Grand-Mean Centering
survey_data <- survey_data %>%
center(age, income, suffix = "_c")
survey_data %>%
describe(age_c, income_c, show = c("mean", "sd", "min", "max"))
#>
#> Descriptive Statistics
#> ----------------------
#> Variable Mean SD N Missing
#> age_c 0 1 2500 0
#> income_c 0 1 2186 314
#> ----------------------------------------Group-Mean Centering
Center within groups — each observation is expressed as a deviation from its group mean:
survey_data <- survey_data %>%
group_by(region) %>%
center(income, suffix = "_gc") %>%
ungroup()
# Group means are now zero within each region
survey_data %>%
group_by(region) %>%
describe(income_gc, show = c("mean", "sd"))
#>
#> Descriptive Statistics
#> ----------------------
#>
#> Group: region = East
#> --------------------
#> ----------------------------------------
#> Variable Mean SD N Missing
#> income_gc 0 0.968 429 56
#> ----------------------------------------
#>
#> Group: region = West
#> --------------------
#> ----------------------------------------
#> Variable Mean SD N Missing
#> income_gc 0 1.008 1757 258
#> ----------------------------------------Row Operations
Row operations compute values across columns for each respondent — essential for creating scale scores from multiple survey items.
Row Means
row_means() computes the arithmetic mean across selected
variables for each row:
survey_data <- survey_data %>%
mutate(m_trust = row_means(., trust_government, trust_media, trust_science))
survey_data %>%
describe(m_trust)
#>
#> Descriptive Statistics
#> ----------------------
#> Variable Mean Median SD Range IQR Skewness N Missing
#> m_trust 2.915 3 0.7 4 1 0.015 2500 0
#> ----------------------------------------Using tidyselect
survey_data <- survey_data %>%
mutate(m_trust2 = row_means(., starts_with("trust")))Using pick()

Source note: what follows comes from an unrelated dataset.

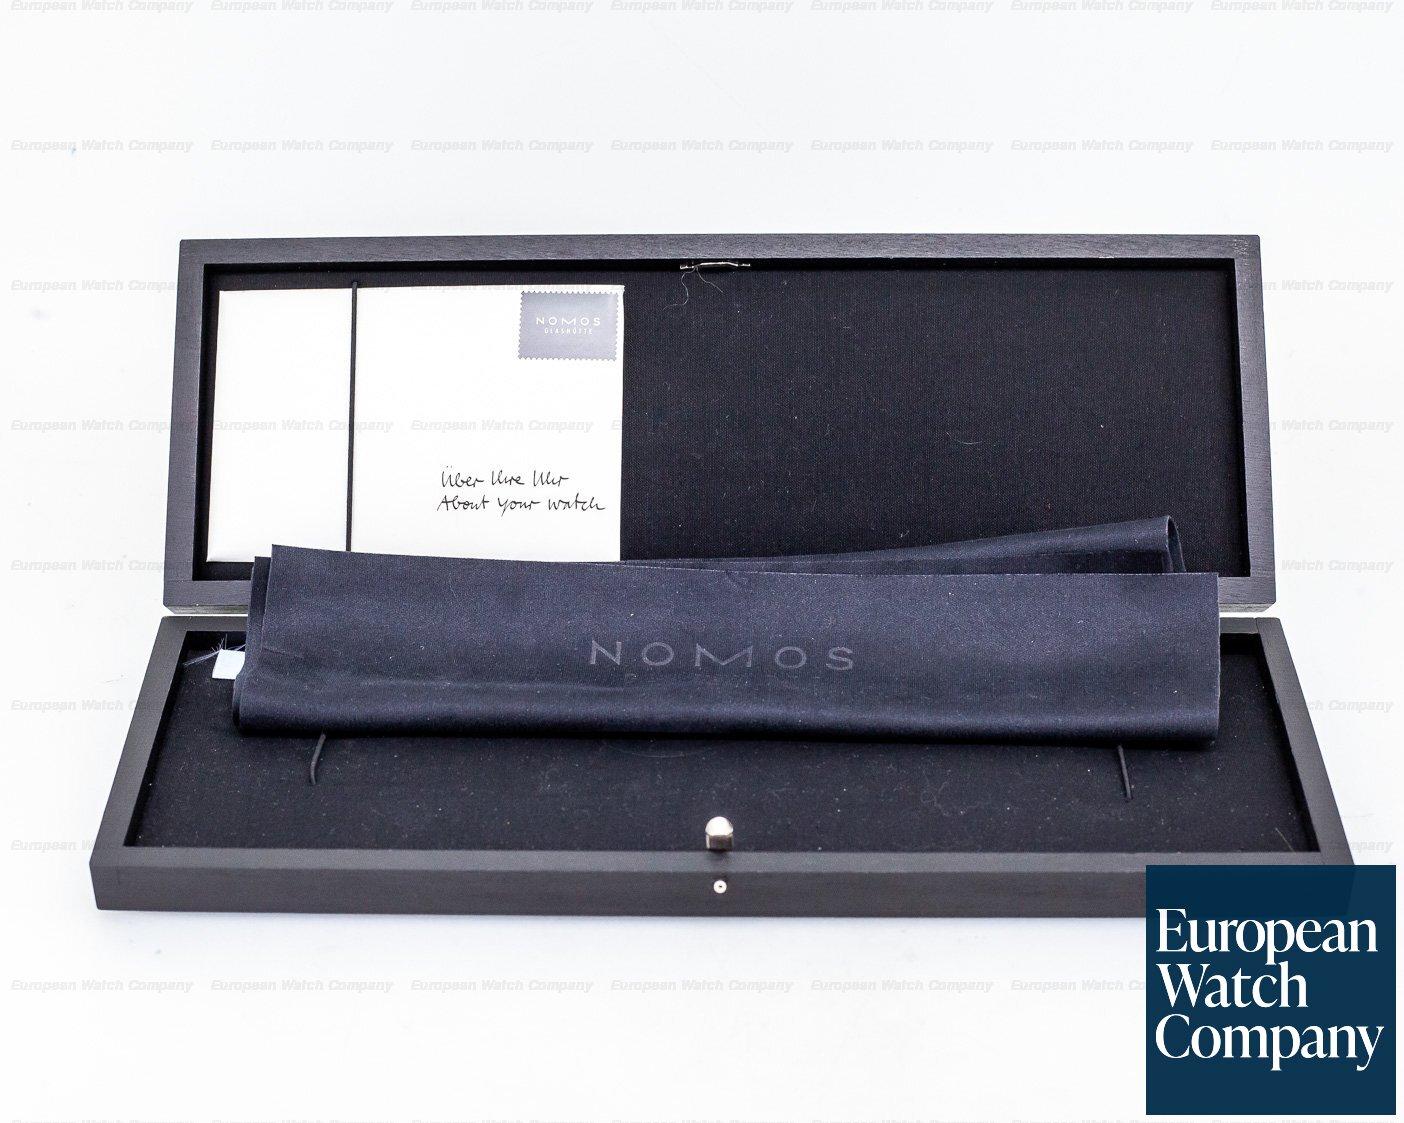 "Nomos 1109.565/100 Metro 38.5 ""Hodinkee Limited Edition"" Chronometer"

The pick() function works with both %>%
and |>:
Minimum Valid Items
Require a minimum number of non-missing items per row. This matches
SPSS MEAN.2() syntax:
survey_data <- survey_data %>%
mutate(m_trust_strict = row_means(
., trust_government, trust_media, trust_science,
min_valid = 2
))If a respondent answered fewer than 2 of the 3 items, they receive
NA instead of a potentially unreliable score.
Row Sums
row_sums() works like row_means() but
returns the total:
survey_data <- survey_data %>%
mutate(trust_total = row_sums(., trust_government, trust_media, trust_science))
survey_data %>%
describe(trust_total)
#>
#> Descriptive Statistics
#> ----------------------
#> Variable Mean Median SD Range IQR Skewness N Missing
#> trust_total 8.282 8 2.17 13 3 -0.164 2500 0
#> ----------------------------------------Row Count
row_count() counts how many times a specific value
appears in each row:
# How many trust items did each person rate as 5 (highest)?
survey_data <- survey_data %>%
mutate(n_high_trust = row_count(
., trust_government, trust_media, trust_science,
count = 5
))
frequency(survey_data, n_high_trust)
#>
#> Frequency Analysis Results
#> --------------------------
#>
#> n_high_trust
#> # total N=2500 valid N=2500 mean=0.29 sd=0.49 skewness=1.38
#>
#> +------+--------+--------+--------+--------+
#> |Value | N | Raw % |Valid % | Cum. % |
#> +------+--------+--------+--------+--------+
#> | 0 | 1829 | 73.16 | 73.16 | 73.16 |
#> | 1 | 628 | 25.12 | 25.12 | 98.28 |
#> | 2 | 43 | 1.72 | 1.72 | 100.00 |
#> +------+--------+--------+--------+--------+
#> |Total | 2500 | 100.00 | 100.00 | |
#> +------+--------+--------+--------+--------+POMPS Transformation
pomps() transforms scores to a Percent of Maximum
Possible Scores scale (0–100). This makes scores from different scales
directly comparable:
survey_data <- survey_data %>%
mutate(trust_pomps = pomps(m_trust, scale_min = 1, scale_max = 5))
survey_data %>%
describe(trust_pomps)
#>
#> Descriptive Statistics
#> ----------------------
#> Variable Mean Median SD Range IQR Skewness N Missing
#> trust_pomps 47.885 50 17.5 100 25 0.015 2500 0
#> ----------------------------------------A score of 0 means the respondent chose the minimum on every item; 100 means the maximum on every item.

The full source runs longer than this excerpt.